Re: Radio ZuSa - Abschaltung 89.7

Beitrag von vielhoerer »

Wenn man sich den oben verlinkten Bericht durchliest, scheint die NLM über 10 Jahre toleriert zu haben, dass hier eine Frequenz existiert, aber keine/kaum Radiomacher angesprochen wurden und es aus dem Ausstrahlungsgebiet auch keine/kaum Berichterstattung gab.
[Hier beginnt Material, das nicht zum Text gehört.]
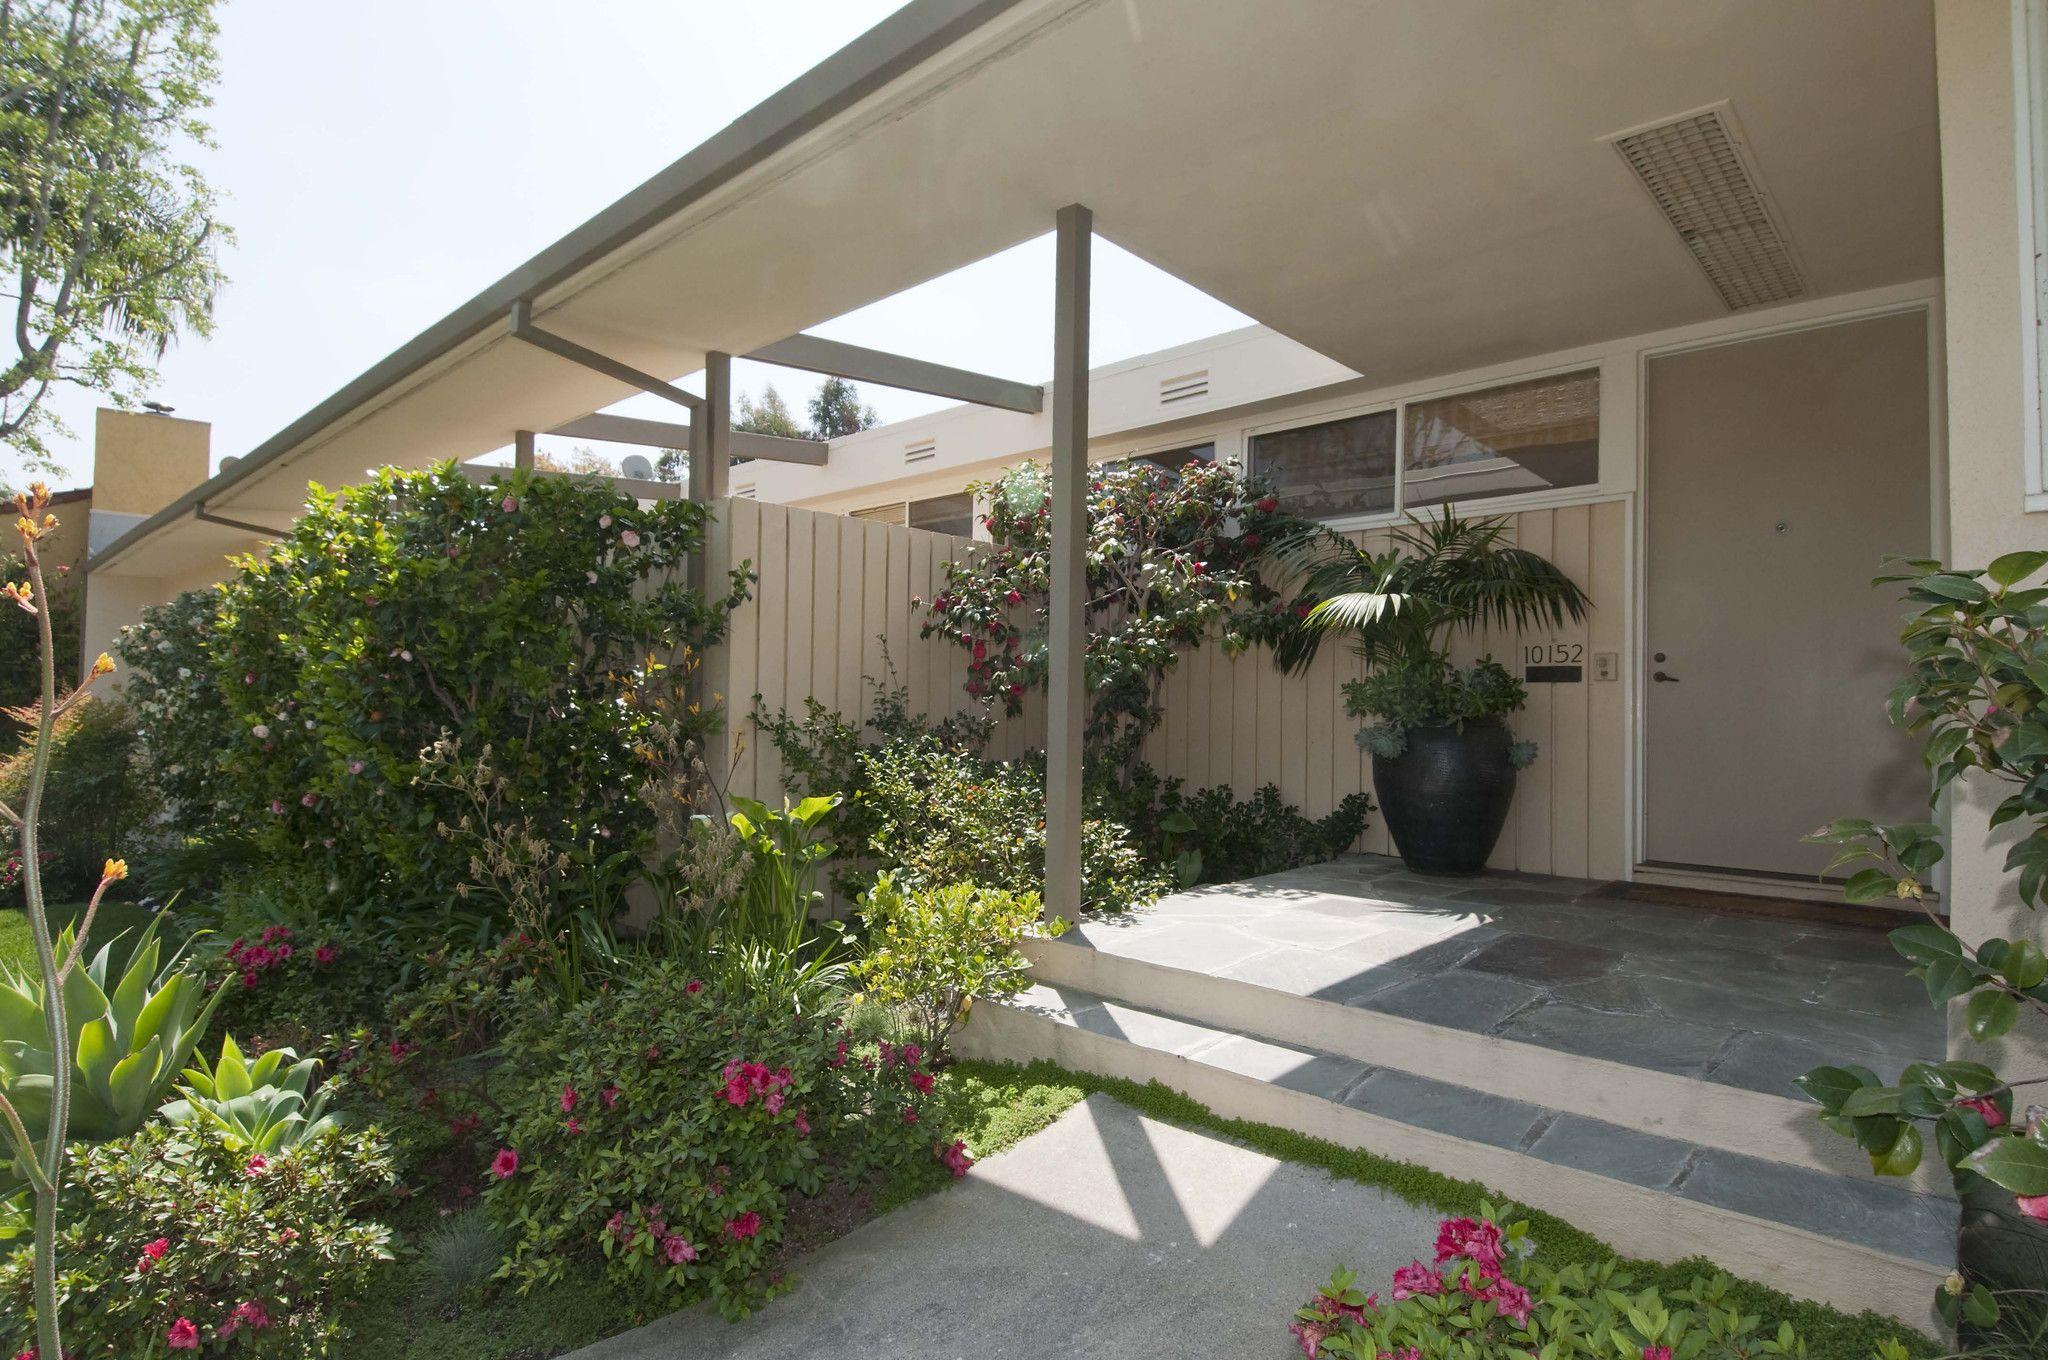 The Stahl House in LA  Case Study House      Pierre Koenig Los Angeles Pinterest

Ohne Studio vor Ort dürfte sich das auch schwierig realisieren lassen, denn in dieser Region sind die Wege lang und Autobahnen existieren nicht. Da darf man sich schon mal fragen, ob der Sender es mit dem Engagement wirklich ernst gemeint hat. Dass die NLM sich das so nicht mehr angucken wollte und über die Zuschusshöhe einen Hebel gefunden hat, ist völlig nachvollziehbar.

Mit der Aufgabe der 89.7 hat man sich aber aus Sicht der Radiomacher selbst gleich 2x ein Bein gestellt: Die Feldstärke der anderen Frequenzen reicht laut Homepage des Senders nicht aus, um das Restgebiet einwandfrei zu versorgen (wofür man die 89.7 gebraucht hätte). Also weniger Grund für Hörer, das Programm einmal einzuschalten oder dranzubleiben. Auf der anderen Seite sind der NDR, ffn und Antenne Niedersachen mit höherer Leistung auf dem Turm vertreten und brauchen die Frequenz nicht. Für Radio 21 könnte sich hieraus aber eine Chance ergeben. Also noch mehr Konkurrenz für die ehemaligen Frequenznutzer - und das auch noch mit Ansage.

Wenn man die Karte von FMSCAN kennt, hätte man vielleicht eher darüber nachdenken sollen, die 89.7 mit aller Gewalt zu behalten und die 88.0 entweder abzuschalten oder sich um eine Umkoordinierung nach Sprakensehl (von wo auch der DLF auf 107.5 ausgestrahlt wird) hätte bemühen sollen. Damit hätte man dann nach Süden expandieren und vielleicht den ein oder anderen Berufspendler Richtung Celle, Gifhorn, Wolfsburg... mit abgreifen können.